Heirloom Tomato And Black Olive Tart
- Makes one 9-inch tart to serve 6 to 8
Courtesy of California Wine Institute
Make this colorful savory tart in late summer when tomatoes are at their flavor peak. Serve in thin slices as an appetizer or in bigger portions with a side salad for lunch. The tart also works nicely as a side dish for a roast leg of lamb or roast chicken.
PAIR WITH Pinot Noir or Zinfandel
- 1 cup (125 g) unbleached all-purpose flour
- 1 teaspoon (5 ml) sugar
- ½ teaspoon (5 ml) sea salt
- ½ cup (115 g) unsalted butter, at room temperature, in 16 pieces
- 1-1/2 pounds (680 g) heirloom tomatoes, cored and sliced ¼ inch (6 mm) thick, ends discarded
- 1-1/2 teaspoons (7.5 ml) sea salt
- 1 dozen kalamata or black olives, pitted and halved
- 1 tablespoon (15 ml) extra virgin olive oil
- 3/4 teaspoon (4 ml) dried oregano, crumbled fine
- 2 tablespoons (28 g) goat cheese, at room temperature
- 2 tablespoon (30 ml) plain yogurt, or as needed
- 1 small clove garlic, very finely minced
- Basil leaves for garnish
In a food processor, combine the flour, sugar, and salt and pulse to blend. Add the butter and pulse until the mixture resembles fine crumbs. Sprinkle 1 tablespoon (15 ml) water over the mixture and pulse until it begins to come together into a dough.
Turn the dough out onto a large sheet of plastic wrap and, using the plastic wrap as a barrier to avoid touching the dough, shape the dough into a ball. Wrap in the plastic, then flatten into a thick round disk. Let rest at room temperature for 30 minutes.
Unwrap the dough and place it in the center of a 9-inch (23-cm) tart pan with a removeable bottom. (Do not use a black metal tart pan or the dough will likely overbrown.) Again, using the plastic wrap as a barrier to avoid touching the dough, press the dough with your hand to flatten it until it covers the bottom and sides of the tart tin. You should have just enough dough to make a thin crust with no trim. Take care to make the dough evenly thick or it may burn in spots. Prick the tart shell with a fork in several places. Lightly cover with plastic wrap and freeze for at least 30 minutes or up to 1 day.

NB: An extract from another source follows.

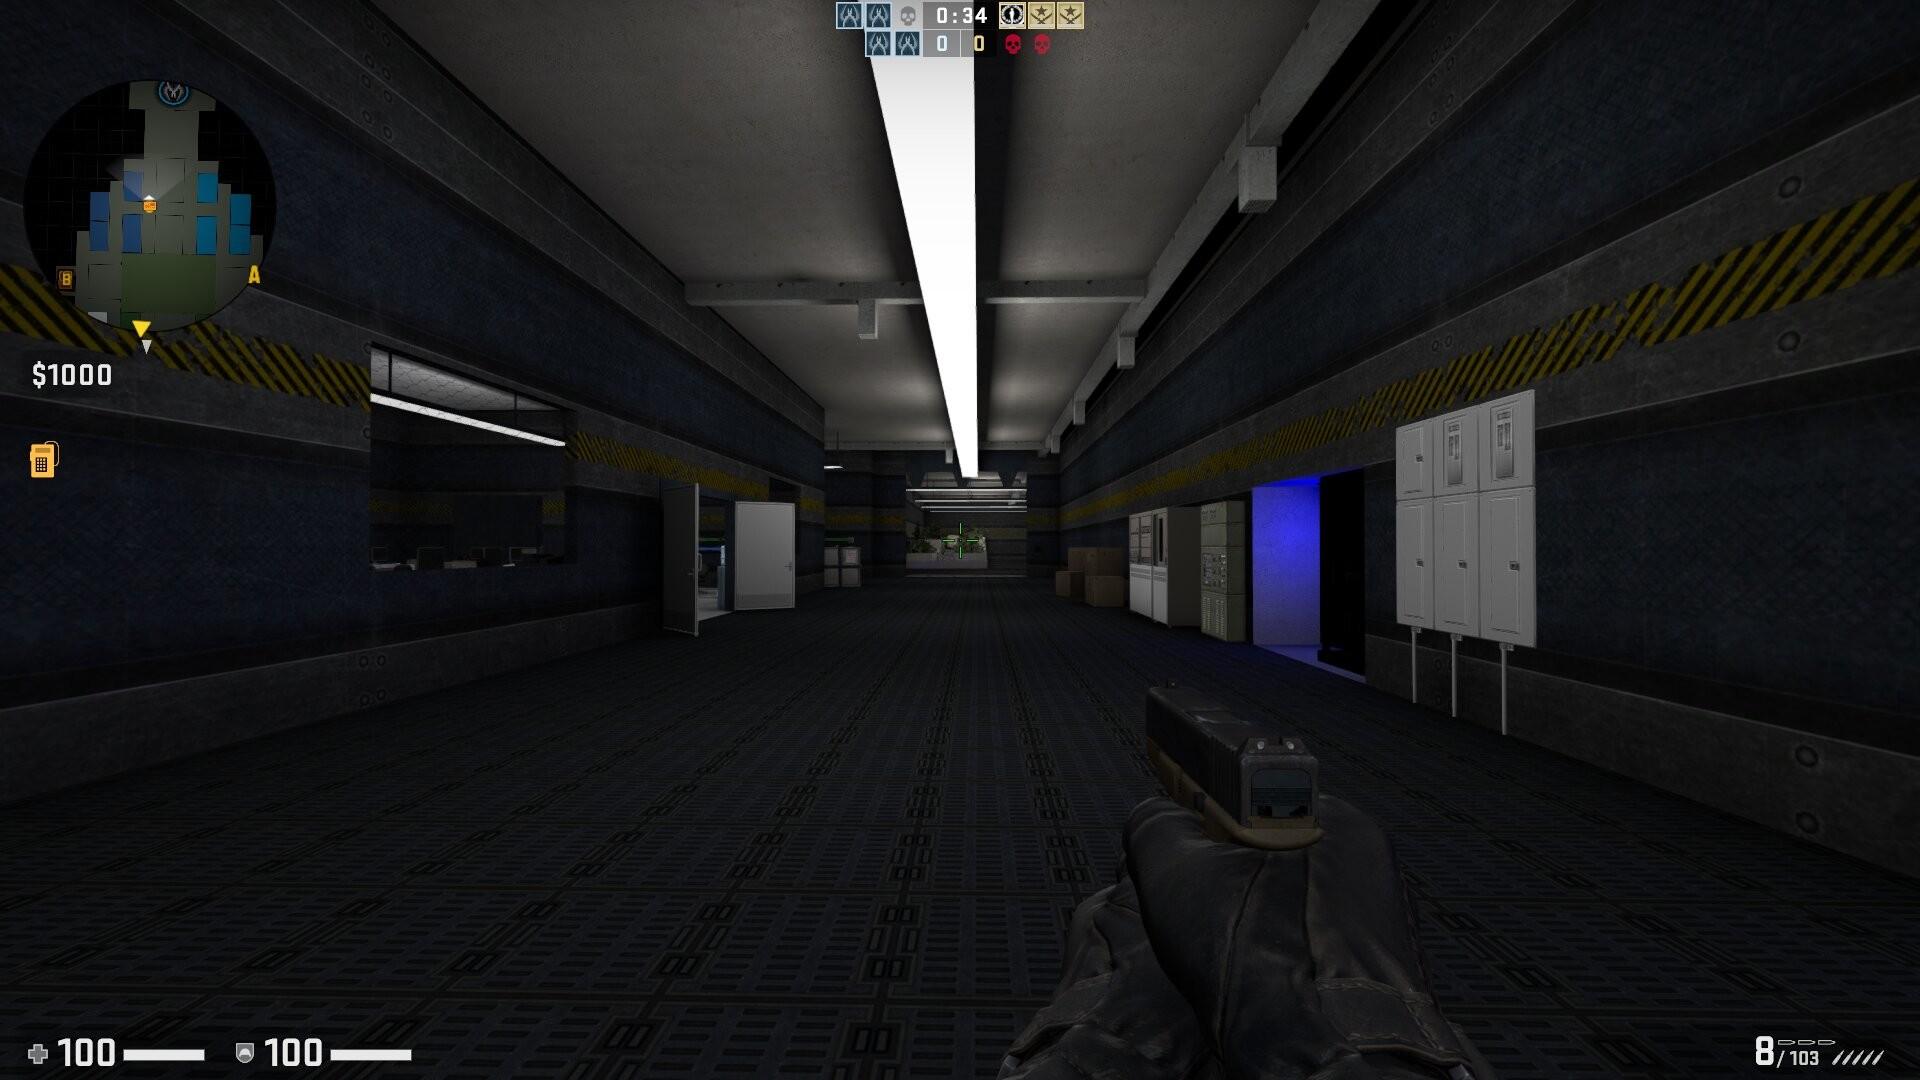 de_polemarchos_facility0002.jpg

Preheat the oven to 375°F (190°C). Place a sheet of aluminum foil in the tart shell to cover the bottom and top with pie weights or dried beans in an even layer. Bake for 15 minutes, then remove the pie weights and the foil. Return the tart pan to the oven and continue baking until the crust is lightly browned all over, about 15 minutes longer. Set on a rack; leave the oven on.
While the tart crust bakes, place the tomato slices on a double thickness of paper towels. Sprinkle evenly with the salt. Let stand for 30 minutes. Pat the surface with paper towels to remove excess moisture. Transfer the slices to a cutting board and cut them in half, taking care to preserve their shape.
Arrange the tomato slices in the baked tart crust in concentric circles, working from the outside in and overlapping the slices. You should be able to fit all or most of the slices but reserve any extra for a salad. Tuck the olive halves into any crevices. Brush the surface with olive oil and scatter the oregano over the top. Return the tart to the oven and bake until the tomatoes are soft and sizzling, about 30 minutes. Cool on a rack for 15 minutes. The tart is best when warm, not hot.
In a small bowl, blend the goat cheese and yogurt until very smooth. Add more yogurt if needed to create a sauce you can drizzle. Add the garlic (use less, if you prefer) and salt to taste.
Remove the tart from the tin and place on a serving platter. Drizzle with the goat cheese mixture and top with a few torn leaves of basil. Serve warm.